I’m a fortunate son.
Self-reflection is often something we neglect – or perhaps I simply avoid. I’d like to give a shoutout to DCLlive for his post, “Don’t Lose Your Identity”, that got me reflecting honestly about where I am at in my own life after discovering the manosphere and principles of TRP. If I am brutally honest, I feel like a pampered failure who has squandered his inheritance in a pig’s snout.
My pride hurts. While other people I know might believe I’ve got it together, I know deep-down that I don’t.
Change is often something that must come directly from within. Family, friends, and worldview can help prod me along, but ultimately I must have the drive and ambition to lead the charge within myself. Unfortunately, I really don’t.
I discovered the manosphere a bit over 6 months ago and it’s most certainly had an effect on my life. I’ve gotten laid more, become much better at talking to girls, and have gotten them coming to me – woman want me and that’s not an egocentric statement.
I’ve gained a better understanding of attaining the kind of relationship I want, started to understand what becoming a man requires, the importance of developing and improving myself, and making use of my time – thanks to being introduced to “Minimalism” through Captain Capitalism and one of his books, “Enjoy The Decline.” Things are looking up. They also are bugging me though.
The more and more I think about it, I realize I’ve wasted alot of the time of my early 20s. I managed to get out on my own for a year and rent an apartment with my friends. Even though it was a mistake, I learned a lot. I then took a few years off school, but didn’t do much besides work.
I’m one of those lucky individuals who has free tuition because my father works at the school. (I have no debt.) That being said, I still have squandered the time, barely made an attempt to get anything more than passing grades, and essentially have been fooling around while living in my parents basement. Even the time I dedicate to homework I waste playing games, watching movies, ect.

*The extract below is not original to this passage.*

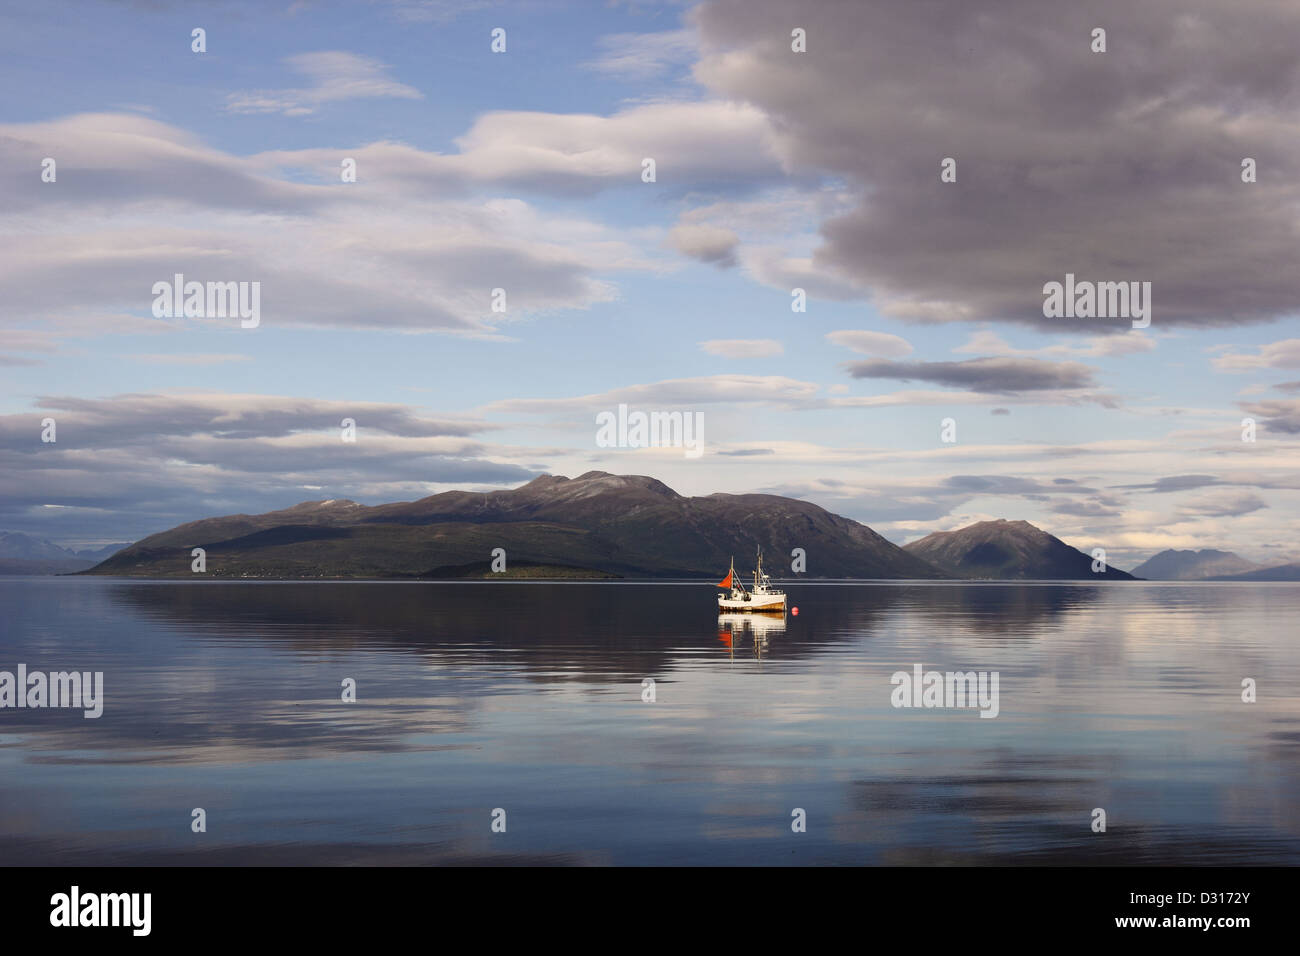 Ruhige Szene in den nördlichen norwegischen Fjorden - ein einsames Fischerboot in den ruhigen Gewässern. Stockfoto

I can pick the time and days I work because of my job at my school and I can literally work it around my class schedule. Even then, I choose not to work nearly as much as I should. I essentially have no bills, besides a phone bill and gas as my Dad has been covering my car insurance and even currently the phone bill.
How’s that for independence?
It scares me. I don’t want to be one of those losers going into their 30s who really is still dependent on their parents.
Even when I graduate from college, which appears to be the next semester, I’ll have turned 27 in October. I don’t even know what I will do with my degree, besides be happy that it was free. I am already ashamed of the fact it will have taken me that long to graduate, besides the fact that I’ve been able to take alot of non-related degree classes allowing me to really enjoy my college experience.
Even most of my family makes comments about how long it has taken me and my uncle asks me what I plan to do when I get done with it all. I honestly don’t have a good answer to give him. This also scares me. What am I actually going to do for a career? I’m still not sure at this point.
I know I should acquire as many skills as I can at this point, but I can’t motivate myself to form any kind of ambition, despite things being handed to me on a plate. I’ve actually attempted to learn some internet coding languages, but I can’t seem to force myself past the initial steps. This even occurs when I try to learn basic video editing – I get too lazy to bother following through.
How can I actually allow myself to blow this kind of opportunity?
I barely bother to apply myself with my homework, and as I type this, I’m mightily behind in a Spanish class this semester I’ve barely applied myself to – despite actually wanting to learn Spanish.
Being brutally honest with myself, I’ve come to this conclusion: I’ve become a nasty internet cliche of everything I don’t want to be.
I need to get my shit together. Change starts from within. I want to become a real man with real responsibility – actually becoming mature. Can I motivate myself to do that? I hope to God that I can.
It’s time for me to develop a motivation mindset.